Since atoms Hⁱ, $H_{\alpha }^i$ are in the same amino acid, the associated distance $d(H^i,H_{\alpha }^i)$ is likely to be detected by NMR. Although atoms $H_{\alpha }^{i-1}$, Hⁱ are in consecutive amino acids, there is just one torsion angle (the one defined by {Nⁱ⁻¹, $C_{\alpha }^{i-1}$, Cⁱ⁻¹, Nⁱ}) related to the position of Hⁱ, because the peptide plane “constrains” the torsion angle defined by { $C_{\alpha }^{i-1}$, Cⁱ⁻¹, Nⁱ⁻¹, $C_{\alpha }^i$} to be π radians. In the worst case, supposing that the distance $d(H_{\alpha }^{i-1},H^i)$ is not available, we can use “implicit” information associated with the fact that the distance was not detected [1] or some estimations given in [67].

4. Conclusion and future directions

The contribution of this paper is related to how to combine information from protein geometry (rigid geometry hypothesis, peptide plane, and chirality) and NMR experiments in order to model the problem of 3D protein calculation using NMR data as a DMDGP that also considers interval distances. From the results of this work, we select four new research directions:

1. Exploit the hc order for the purpose of designing new pruning devices for the iBP;

2. Apply the hc order and the corresponding pruning devices to the Clifford algebra approach recently proposed in the literature;

3. Investigate the possibility of designing new NMR experiments that focus on the accuracy of distances between hydrogen atoms used in the hc order;

4. Develop robust algorithms that can integrate all of the above items.

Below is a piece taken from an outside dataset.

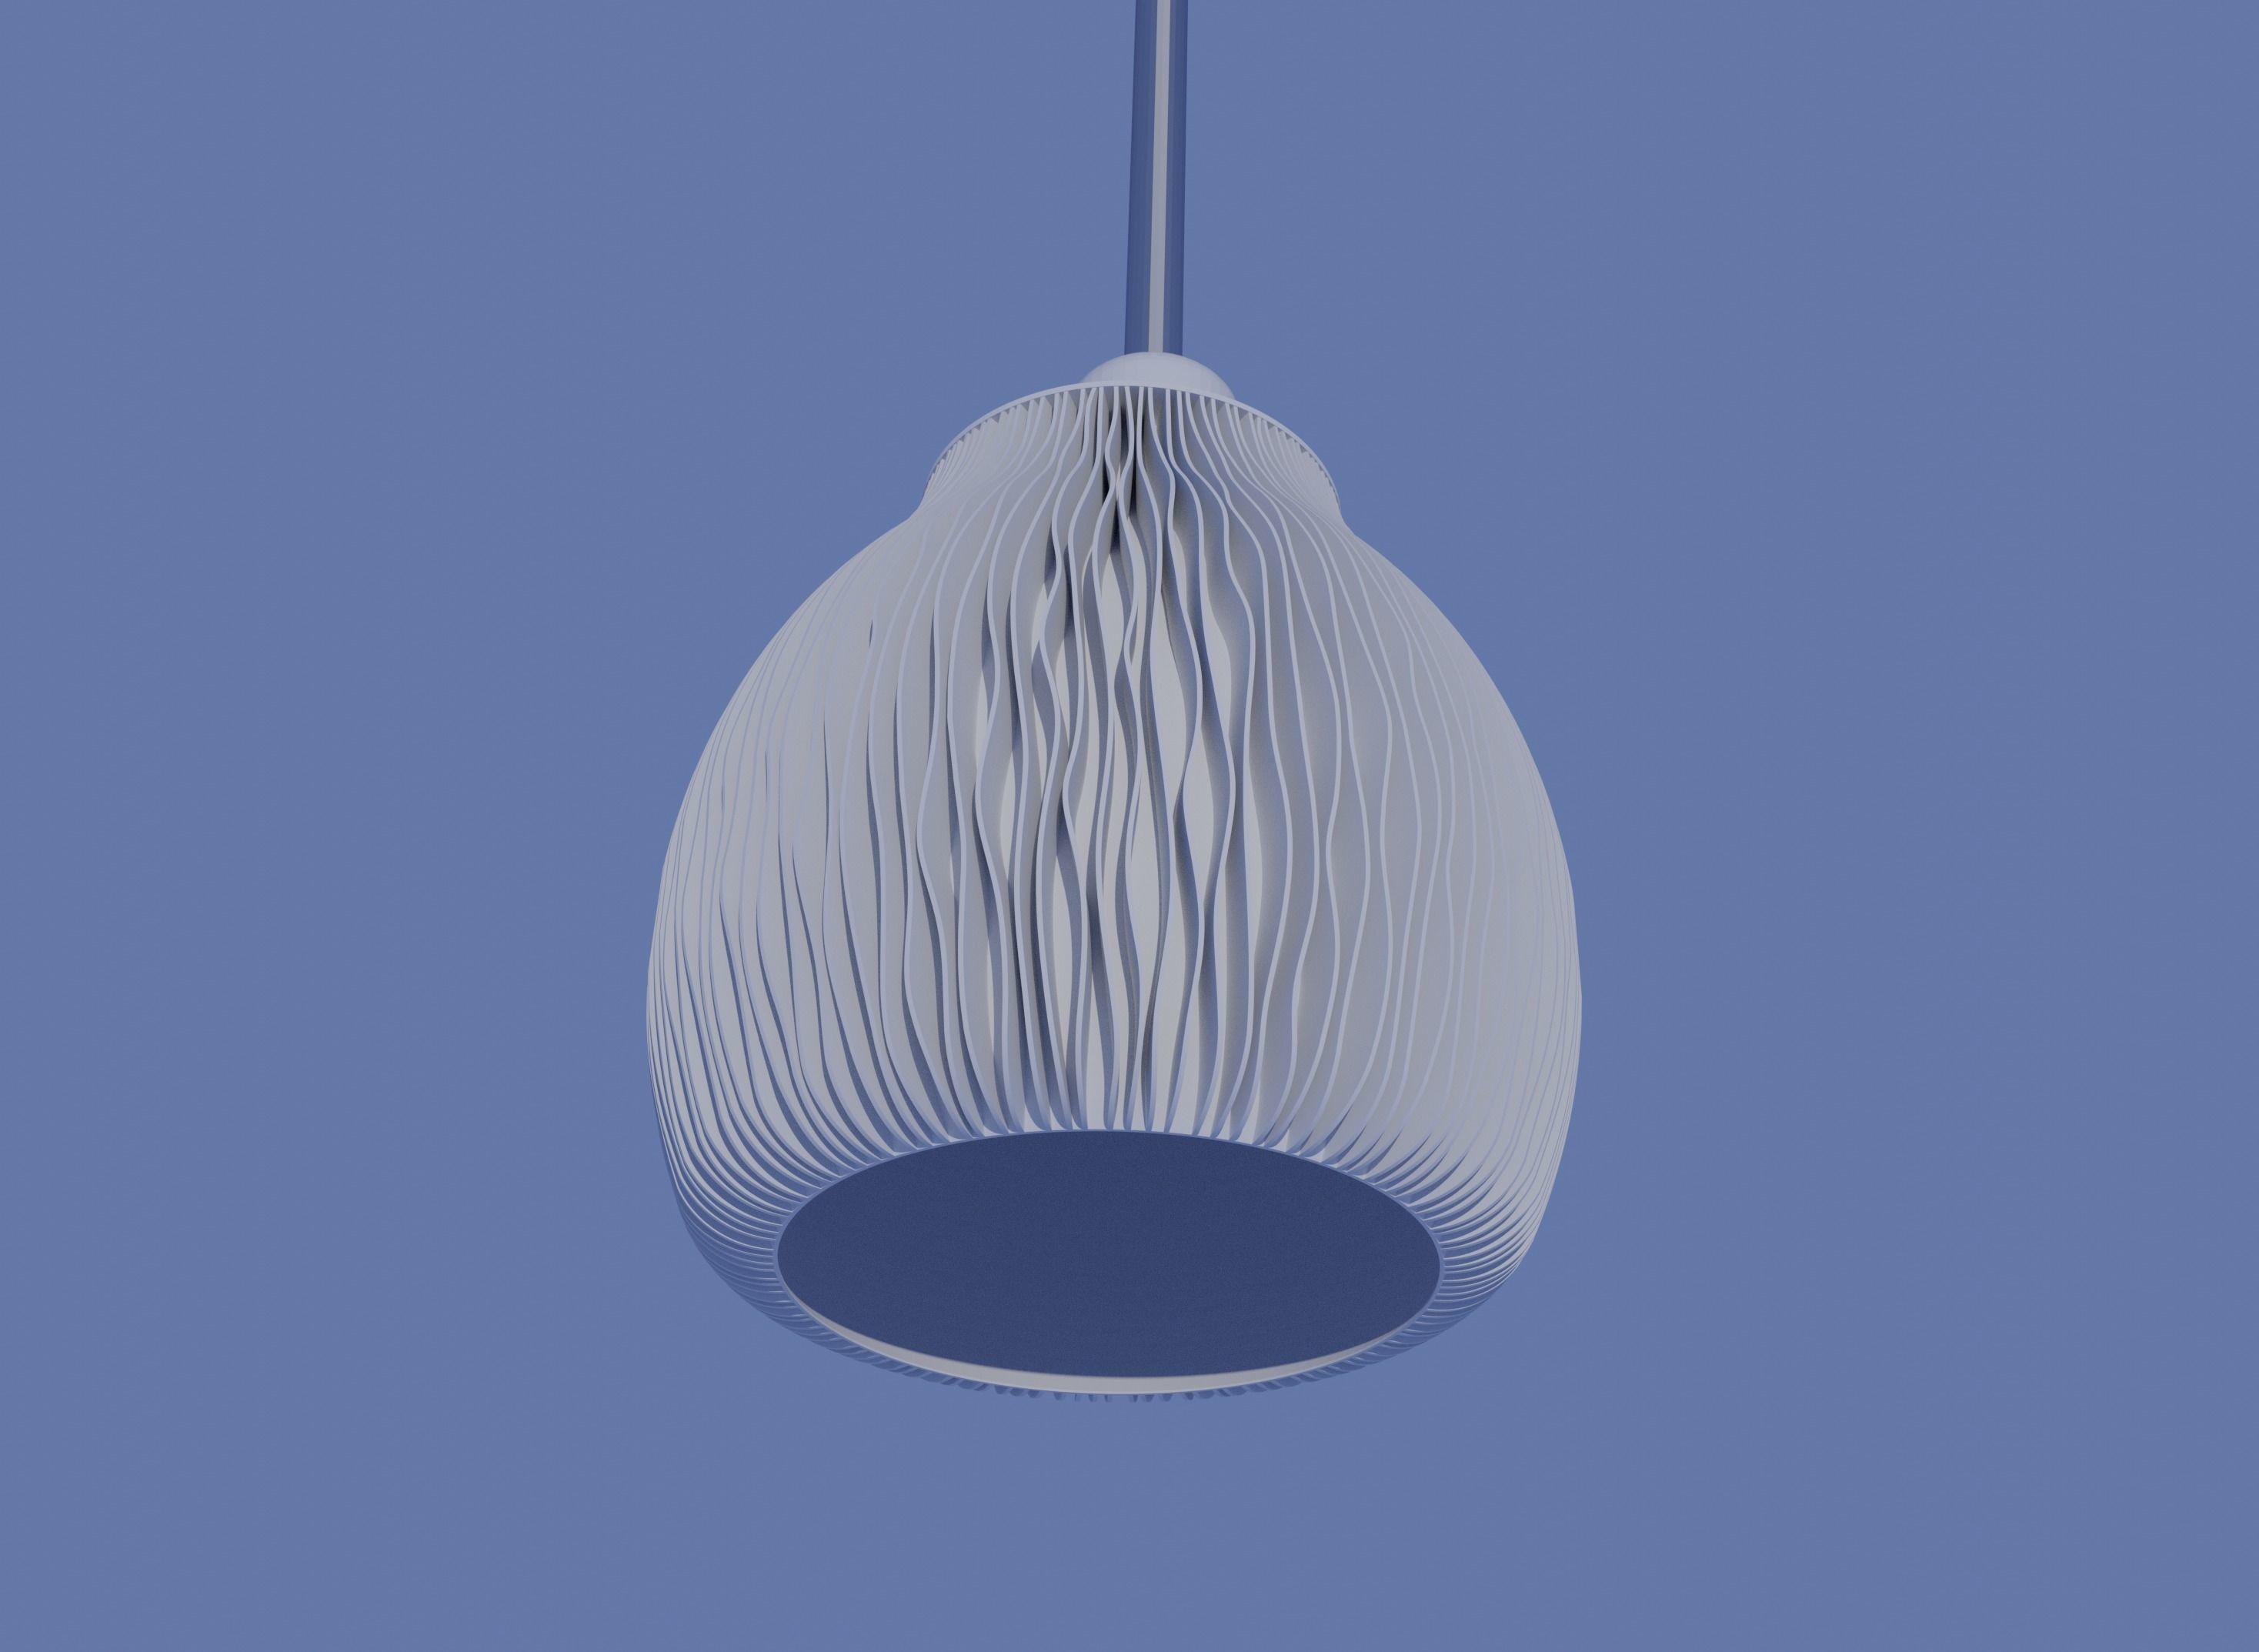 Lampshade - NATURE MUSHROOM - table or pendant lamp - E27 mount

Regarding item 1, we can do the following: (a) exploit information on lower and upper bounds to the backbone torsion angles provided by NMR chemical shifts [60]; (b) and exploit information on hydrogen bonds defined between a hydrogen (bound to N) of one amino acid and the oxygen (bound to C) of another one. More precisely:

• Since the position of atom Oⁱ⁻¹ is determined by the position of atom Hⁱ, hydrogen bond distances can be used to prune infeasible positions of Hⁱ;

• Since the position of atom Nⁱ is also determined by the position of atom Hⁱ, NMR chemical shift information on the torsion angle defined by {Nⁱ⁻¹, $C_{\alpha }^{i-1}$, Cⁱ⁻¹, Nⁱ} can be used to prune infeasible positions of Hⁱ;

• Since the position of atom Cⁱ is determined by the position of atom $H_{\alpha }^i$, NMR chemical shift information on the torsion angle defined by {Cⁱ⁻¹, Nⁱ⁻¹, $C_{\alpha }^{i-1}$, Cⁱ} can be used to prune infeasible positions of $H_{\alpha }^i$.

Of course, all the information related to the NMR distances

$$d(H^j,H^i),d(H_{\alpha }^{j-1},H^i)\text{and}d(H^{j-1},H_{\alpha }^i),d(H_{\alpha }^j,H_{\alpha }^i),$$

where j < i, can also be used to prune infeasible positions of Hⁱ and $H_{\alpha }^i$.